Jackie Norman/Iowa State Daily

CEO Kenneth Sullivan gave a lecture Sep 13 about Smithfield Foods Inc., the largest pig pork producer in the world, to a packed audience in Gerdin. The lecture was so crowded that some students had to be turned away due to lack of space.

Dawit Tilahun

On Wednesday, Kenneth Sullivan came to Iowa State talk to students about his path towards success and what has allowed him to achieve his goals.

“The idea behind this series is to give our students the opportunity to really hear what it is like in the corner office,” said College of Business Dean David Spalding.

Kenneth Sullivan is the president and CEO of Smithfield Foods Inc. Smithfield Foods holds the largest market share of the bacon industry with sales amounting to $15 billion and also having a large involvement in Iowa States food services.

The CEO Series features CEOs from different industries talking to students about their story of success showing how students can direct their lives towards a similar position.

“You need to keep moving forward,” said Kenneth Sullivan, CEO of Smithfield Foods.

Keep moving forward, as described by Sullivan, is not dwelling on your prior loses or achievements. Forward momentum is looking into the future and moving forward towards accomplishing your next goal.

“If your past accomplishments loom large in the rear view mirror, then you’re not going fast enough,” Sullivan said.

Sullivan further explains that there wasn’t anything special about him. Prior to being a CEO, Sullivan has worked as a donut salesman, a roofer, dishwasher, delivery man, shoe salesman, laborer, CPA and more.
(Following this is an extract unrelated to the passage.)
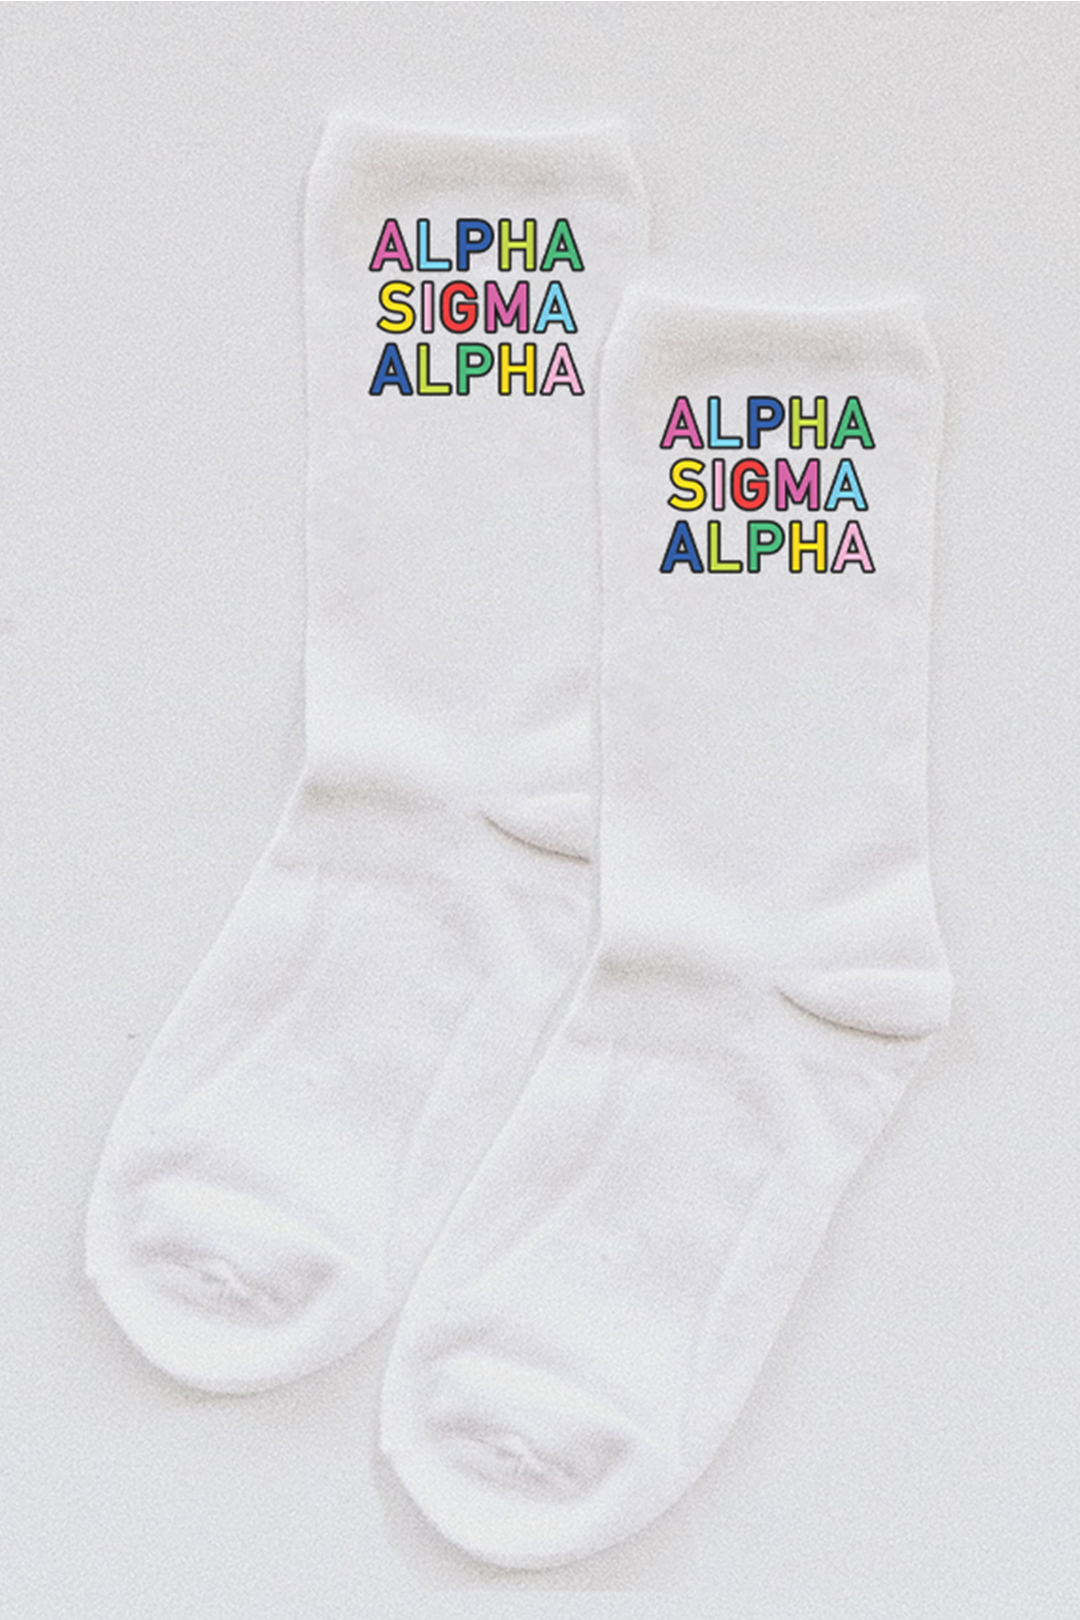 Colorful socks - Alpha Sigma Alpha

When asked how to find opportunity, Sullivan answered, “you have to create opportunity, why? Because it is more within your control.” What allowed him to succeed were really two important traits.
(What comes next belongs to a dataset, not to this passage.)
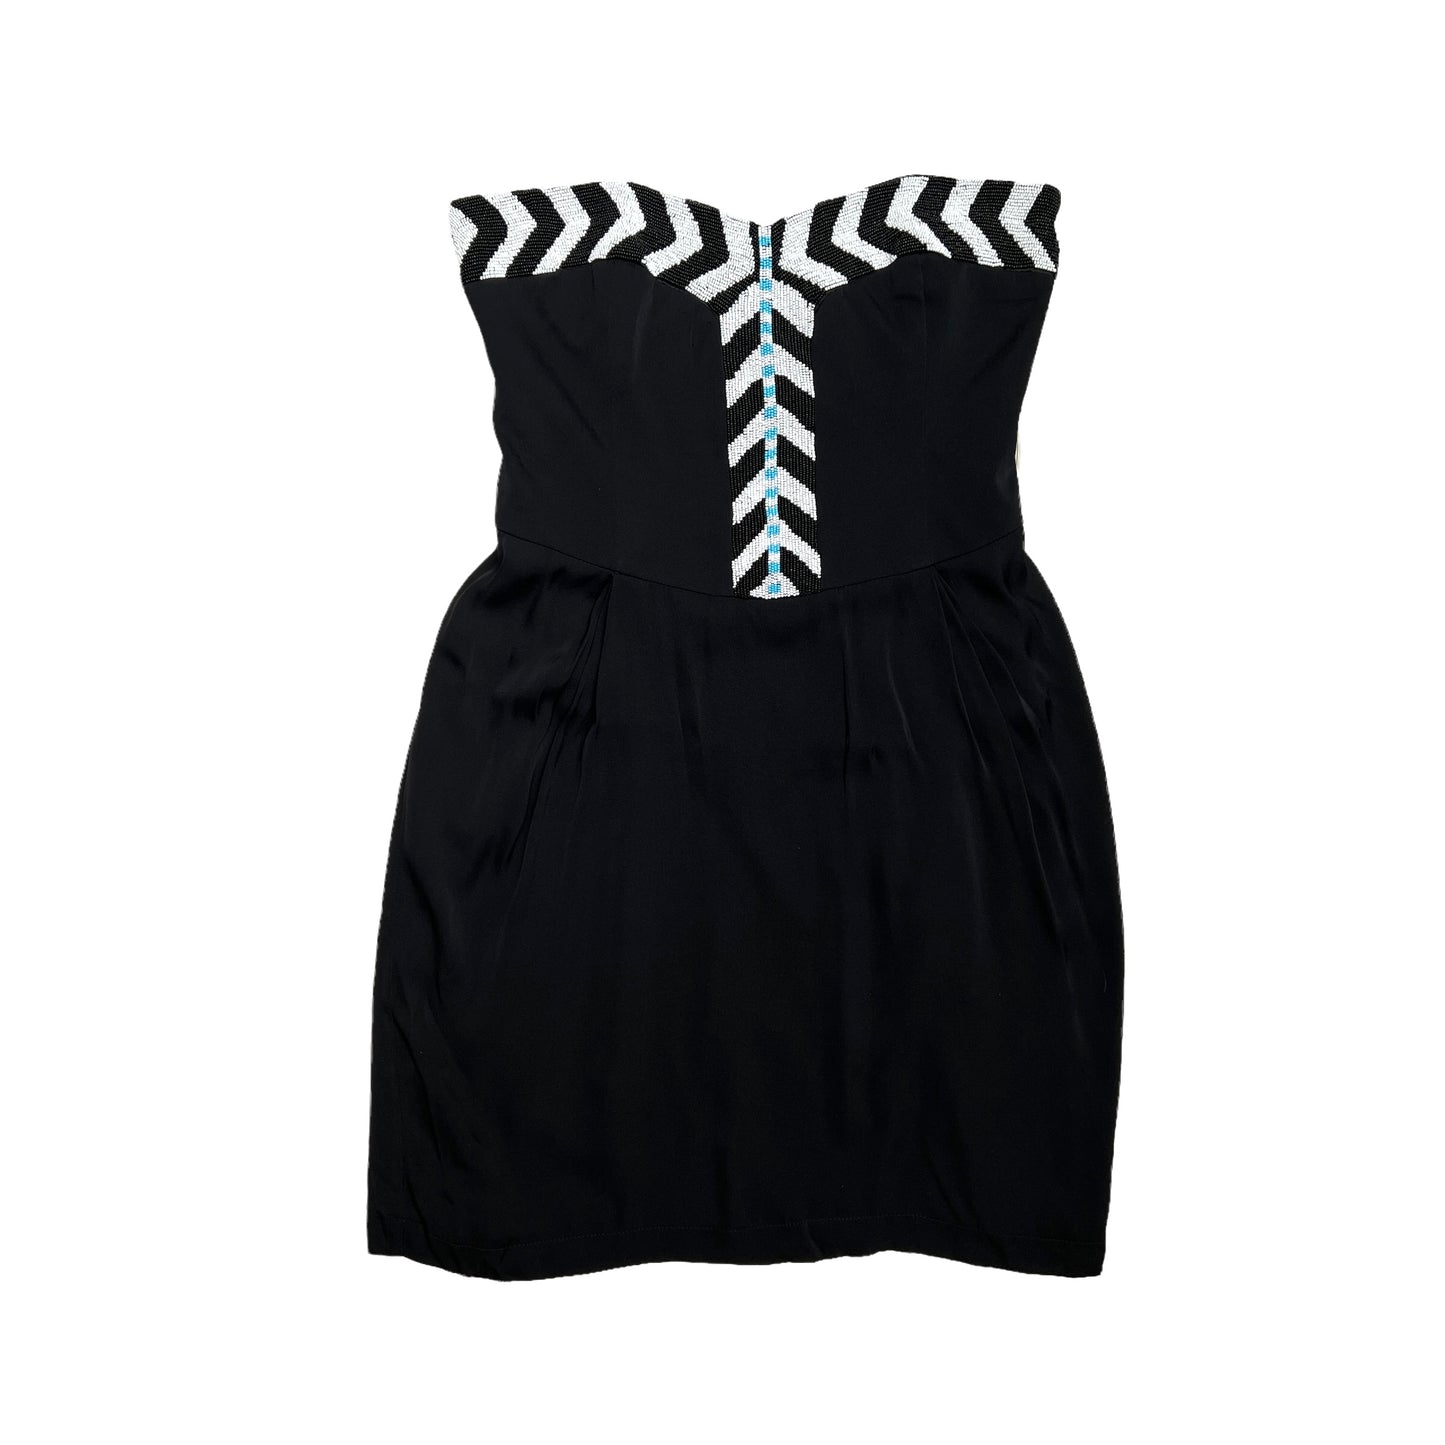 Vintage Black Dress - XS

“The two things I’ve found to be most important are self-reliance and attitude,” Sullivan said.

Sullivan explained that you have to understand that no one owes you anything. It is your job to go and make something of yourself, not the worlds job to appeal to your better interest.

“Success comes much easier when you realize this,” Sullivan said.
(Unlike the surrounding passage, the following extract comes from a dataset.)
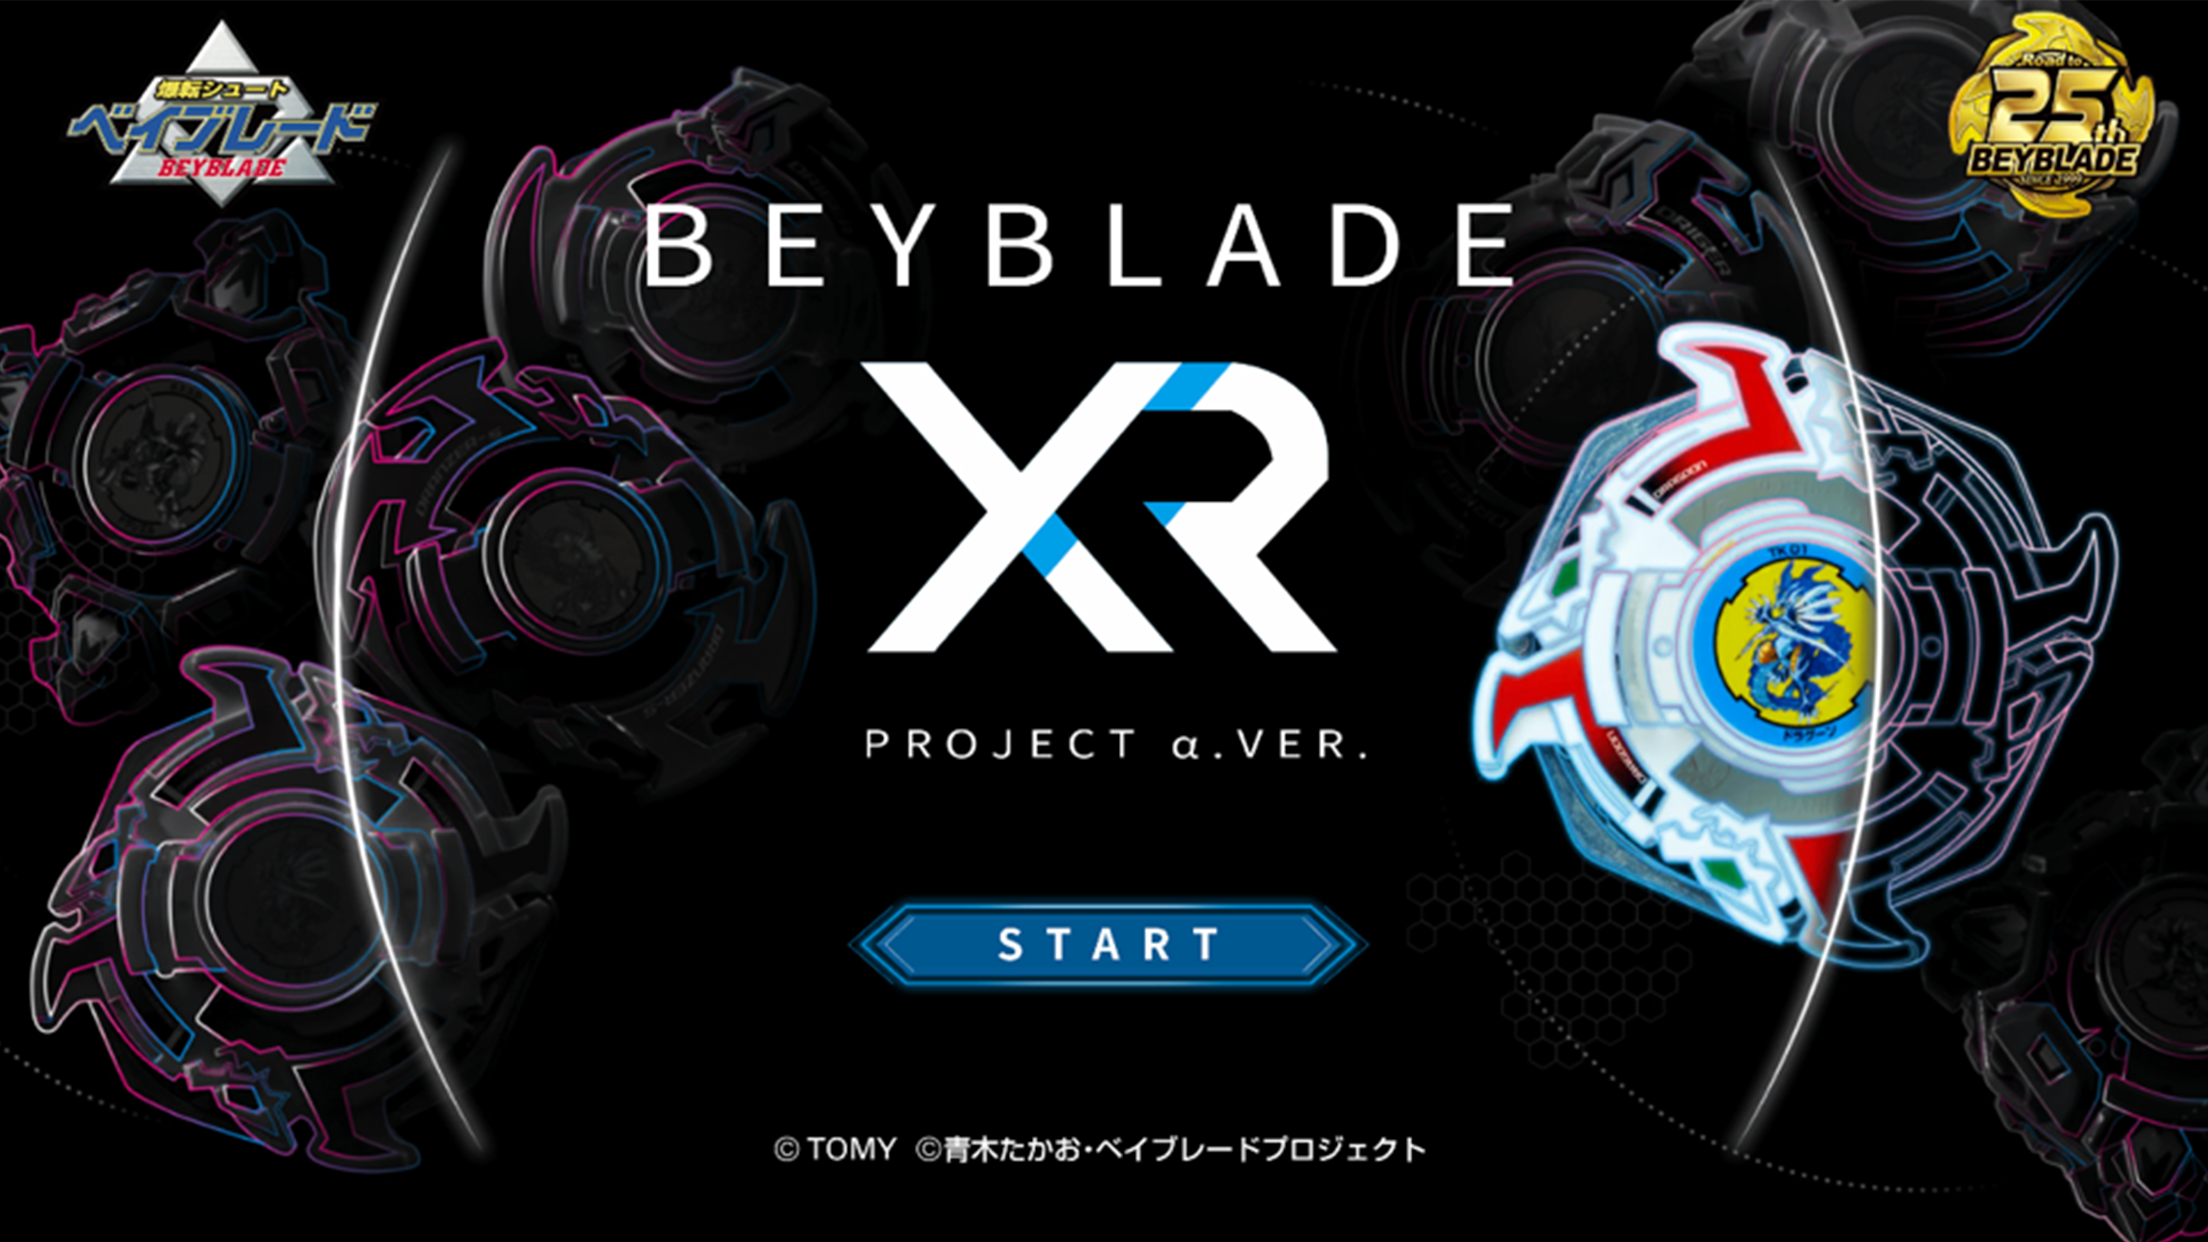 Screenshot of BEYBLADE XR Project

Promoting a positive attitude full of energy and enthusiasm will take you far. Having a can-do attitude rather than a no-can-do attitude will take you far. You have to see the purpose in what you are doing and learn to walk with purpose. 

“Try not to make the same mistake twice,” Sullivan said.

Most successful people do not make the same mistake twice. Sullivan further elaborated that once is a mistake, but twice is a conscious decision. Sullivan briefly touched on his personal experience with his wife’s family, but refrained from going into detail, due to the context of the story.

“There are different kinds of smarts,” Sullivan said.

Through working with traditional book-smart co-workers, Sullivan learned that a skill that many people lack are social skills. Learning how to engage people in conversation, proper writing, and body language are all key to cultivating relationships.

Learn to talk, write, care, walk with a purpose, and smile, Sullivan said.

“Business is no more complicated than a lemonade stand,” Sullivan said. Regardless of where you work, know how your business works, how it makes money.

Like a lemonade stand, you have to buy inputs and then sell your product, find customers, and sell for profit. Know it all and you could find your way to securing the corner office.

“I can see how the keys to success he mentioned will help me in the Career Fair interviews, the employers are more interested in what I will do for them in the future, rather than what I did in the past,” said Jack Shopbell a sophomore in mechanical engineering.